Где угрозами, где подкупом, где пропагандой, где крючкотворством она, в условиях двоевластия, медленно, но верно перетягивала одеяло на себя. Умело провоцировала конфликты между протестантами немецкими и славянскими, между дворянством и городами, между собственно Чехией и Моравией. Одним из театров военных действий стало, что любопытно, образование. С одной стороны — иезуитская школа, а иезуиты «особое значение придавали обучению детей из знатных фамилий. Не в последнюю очередь благодаря их усилиям, а также благоприятной политике правящей династии, продвигавшей католиков по службе, римско-католическая церковь укрепила влияние среди чешской шляхты» (47). С другой стороны — Община Богемских или Чешских братьев, та самая, откуда Ян Амос Коменский, основоположник современной педагогики.
Да, по законам истории время работает на прогресс. Но история делается людьми. Чешские протестанты слишком долго искали «приемлемую форму сосуществования» (66) с теми, кто и не собирался с ними сосуществовать. Да и само их восстание демонстрирует симптомы привычной бесхребетности. Только на второй год военных действий, когда уже вовсю лилась чешская кровь, сейм в Праге решился конфисковать имущество у врагов (186). Руководители восстания, по большей части из знатного дворянства, больше уповали на иностранных князей и наемников, чем на собственный народ.

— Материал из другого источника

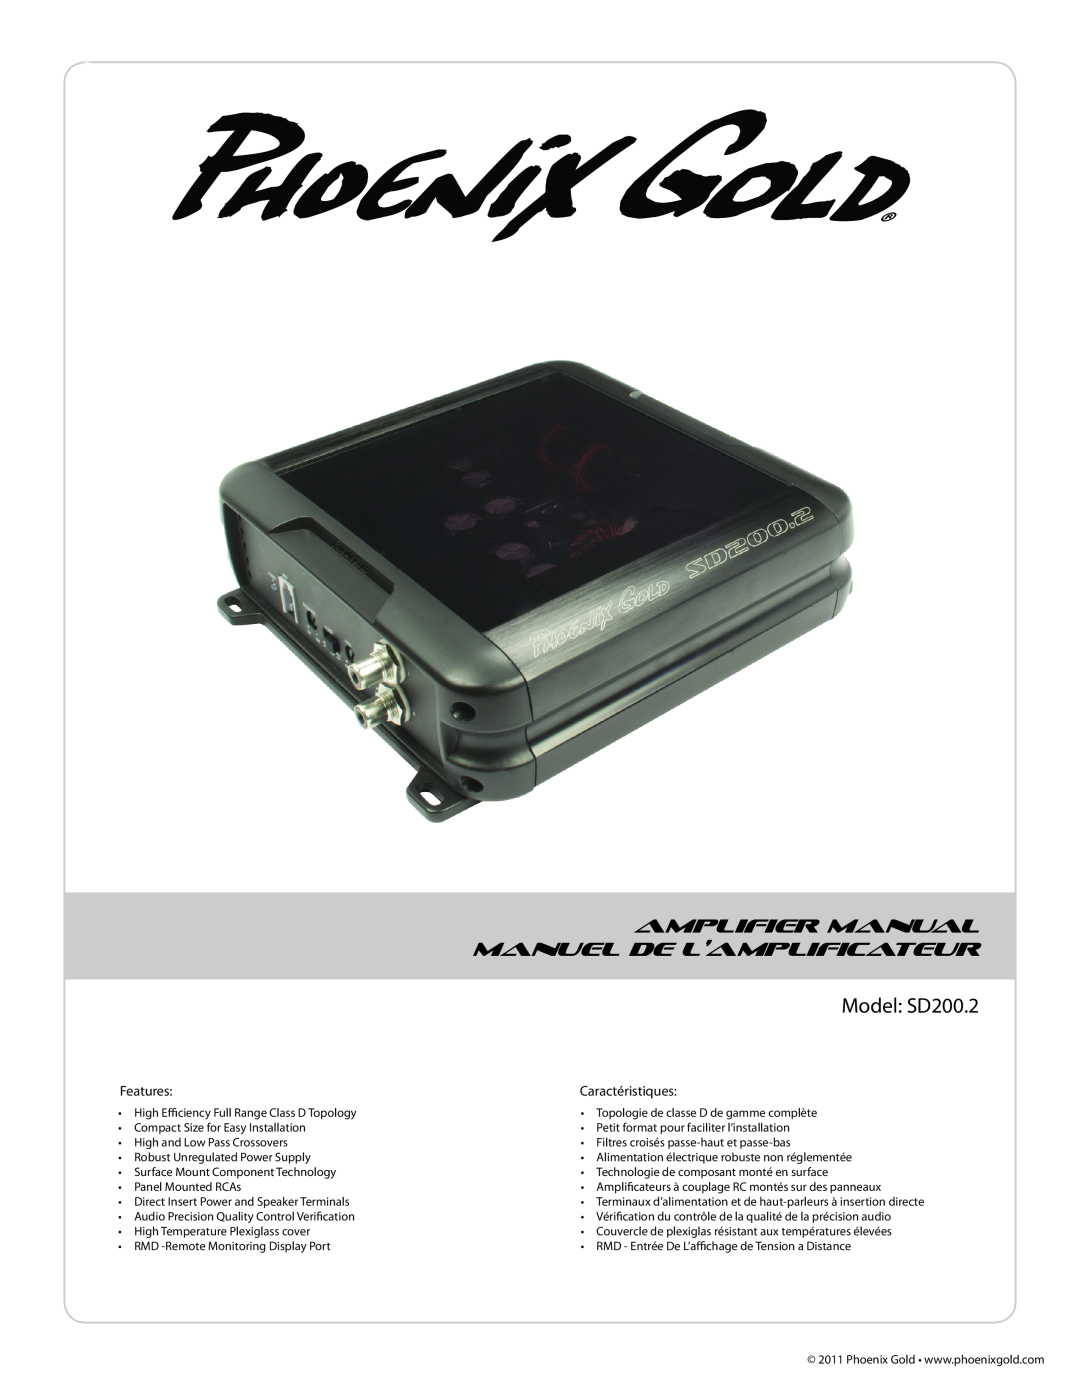 Phoenix Gold manual Amplifier Manual, Manuel De L’Amplificateur, Model SD200.2

Сейчас модно осуждать революции за радикализм. Лучше бы по закону, по взаимному непротивлению сторон. Вроде, и впрямь лучше. Но история сложнее публицистической схемы, как левой, так и правой. Правовое сознание порою перерождается в правовой кретинизм, когда бумажка заслоняет реальность. Терпимость оборачивается соучастием. Осенью юбилейного 2007-го мы много слышали, и ещё к 7 ноября наслушаемся про ужасы победившей революции. Но вот достижения победившей контрреволюции в Чехии. Авторская терминология — «катастрофа».
Национальная катастрофа, в результате которой население сократилось на треть и — я цитирую — «вплоть до начала XVIII века Чехия не могла достигнуть довоенного уровня экономического развития» (298). Фактически — перестала существовать как самостоятельный социальный организм, оказавшись в рабском подчинении у чужого абсолютизма и международной реакции.
Грустная история про льва, который позволил усыпить свою бдительность.